Credo che a Godano piaccia distruggere le maschere. Eleva la maschera a idolo,
poi la abolisce, ne fa abominio. Si leva la maschera e la offre come trogolo al
pubblico. Condanna di chi vive sul palco, perpetuo pasto dei fan, costretto a
essere sigillo di memorie altrui, che non gli appartengono, di cui è ignaro.
Nell’ultimo disco, Stammi accanto, un lotto di testi – Lode all’istante, Cerco
il nulla, Vacuità – costituisce una specie di sentiero dello spirito, rasenta
una poetica dell’esistere.
Vuol farmi credere che “nel Cristiano solista c’è meno frattura – o zero proprio
– fra l’io narrante e il sottoscritto”. Fosse così, l’artista morirebbe a ogni
pezzo. Spaccare lo specchio, esercitarsi coi vetri finché il sangue non è che
una variante del cielo.
*
Un giorno lo scambio si infuoca.
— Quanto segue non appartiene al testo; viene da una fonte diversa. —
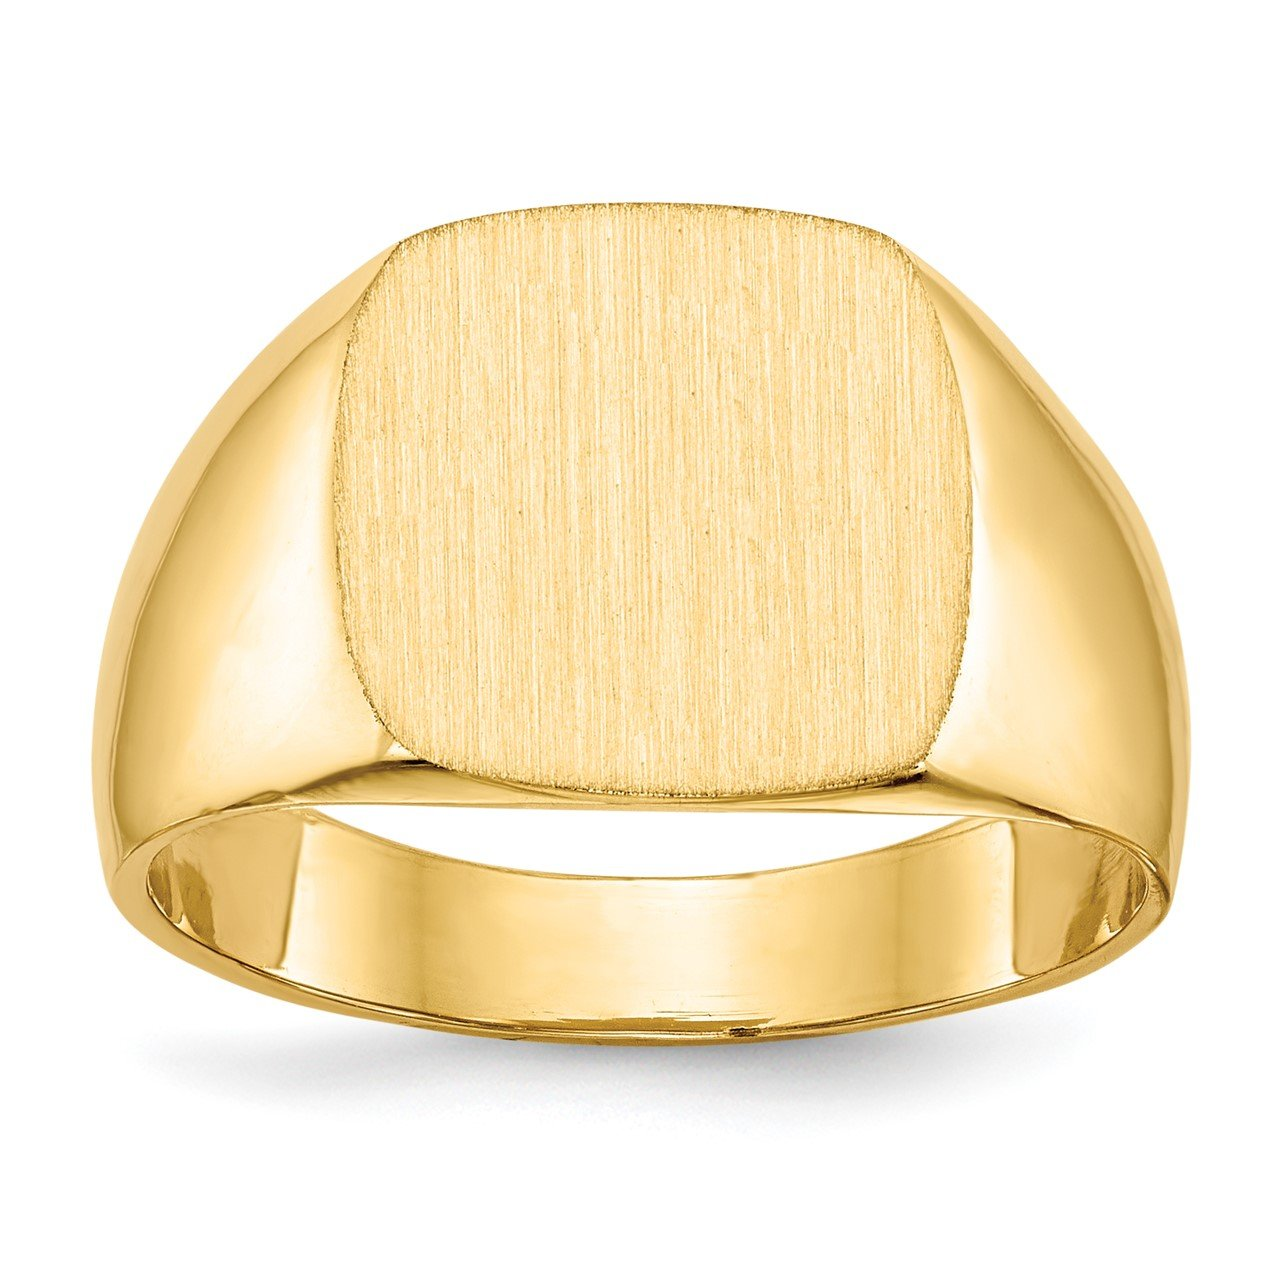 14k 12.0x13.0mm Closed Back Men's Signet Ring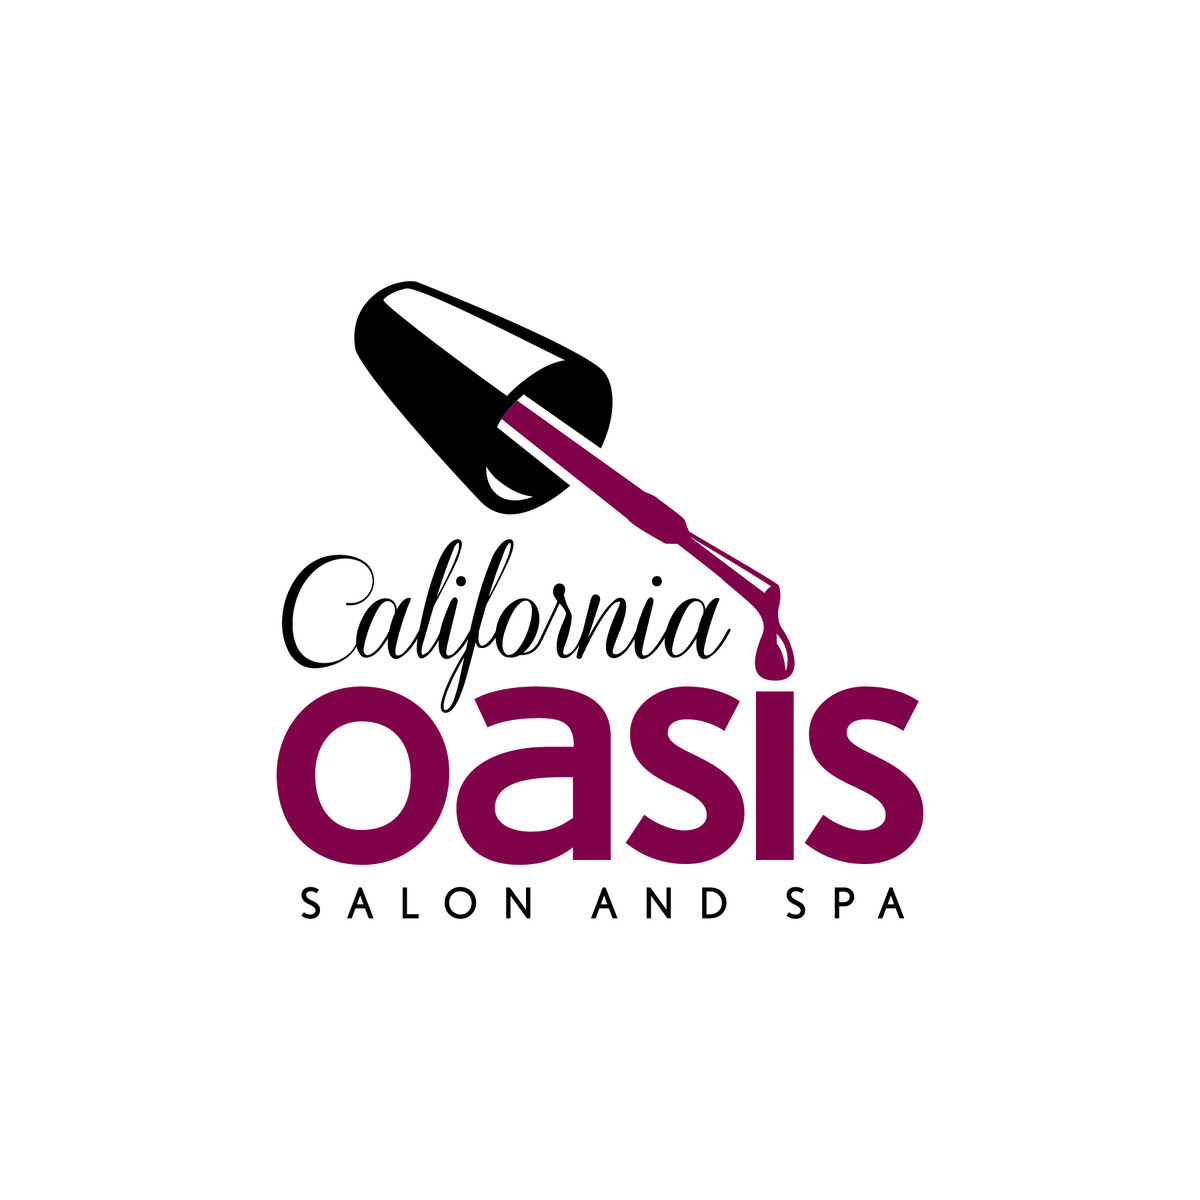 California Oasis Nail Salon Amp Spa Wedding Beauty Amp Health

Gli piace Cioran, lo stringo sulla morte,
sull’aldilà.
> “Adoro il black humour di Cioran: la penso come lui sul senso della vita, che
> per me non c’è. Dunque, detesto profondamente la morte che considero
> tremendamente ingiusta. Non ho alcun rapporto ‘foscoliano’ particolare con i
> morti: un cimitero mi dice poco in merito al dialogo con loro, nonostante
> camminarvi dentro mi consegni una fantastica pace. Una volta ho fatto footing
> in un cimitero: inverno, otto e trenta del mattino, tentavo di trovare una
> routine salvifica dagli stati ansiogeni che mi assillavano. Sforzo vano:
> detesto correre”.
…ma ti rendi conto la noia di essere eterni?
“Oh, no, siamo in totale disaccordo. Penso che si tenda a parlare di noia
dell’eternità perché la si immagina in connessione con il mortificante
accadimento della senescenza, ma se si potesse essere eterni senza invecchiare
sfido chiunque a ritrovarsi a un certo punto annoiati della vita…”
…eppure la bellezza esiste perché sfiorisce e gli uomini si amano, fino a
morirne, proprio perché muoiono… altrimenti, crepino nel crepitio eterno.
“Farei a meno dell’amore (ah, l’amore, il mio mistero per eccellenza: l’unica
crepa nella mia apparentemente radicale convinzione che tutto sia illusione e
che i vari nostri valori – bellezza inclusa – non siano altro che nostre
inevitabili costruzioni) se in cambio avessi l’eternità”.
Ad ogni modo, hai un figlio. Per lui, sei tu il senso. Al suo cospetto, la vita
torna vita, non più tenue insensatezza.
“Sono il senso per mio figlio perché la vita (e l’evoluzione) ci ha tirato
questo brutto scherzo: a tutti gli esseri viventi la condanna a cercare di
vivere a tutti i costi, affannandoci costantemente e costringendoci a legarci ai
più prossimi (genitori in primis) per non soccombere, e a noi esseri umani, in
più, la sfiga della coscienza (siamo costretti a essere coscienti) che ci porta
e riflettere e speculare e inventare illusioni. (Sono così, ahinoi, soverchiato
dal raziocinio)”.
…ma l’arte è mania, mantica, insorgenza dell’irrazionale. La ragione, il logos,
è la quintessenza dell’illusione. Se non esistesse la morte (il pensiero della
morte, dunque l’amore che ci lega a questo ferito e fetido mondo e non ci fa
suicidi), non avrebbe peso né presa l’arte. Un figlio non è generato dal caos,
ma dal fato: un dono più che una condanna, da preservare, come il fuoco e il suo
fuco. Che si spegnerà è ovvio: intanto, scalda, è luce. Si vive per dare la vita
a un altro (anche se l’altro la rifiuta). Da gettati.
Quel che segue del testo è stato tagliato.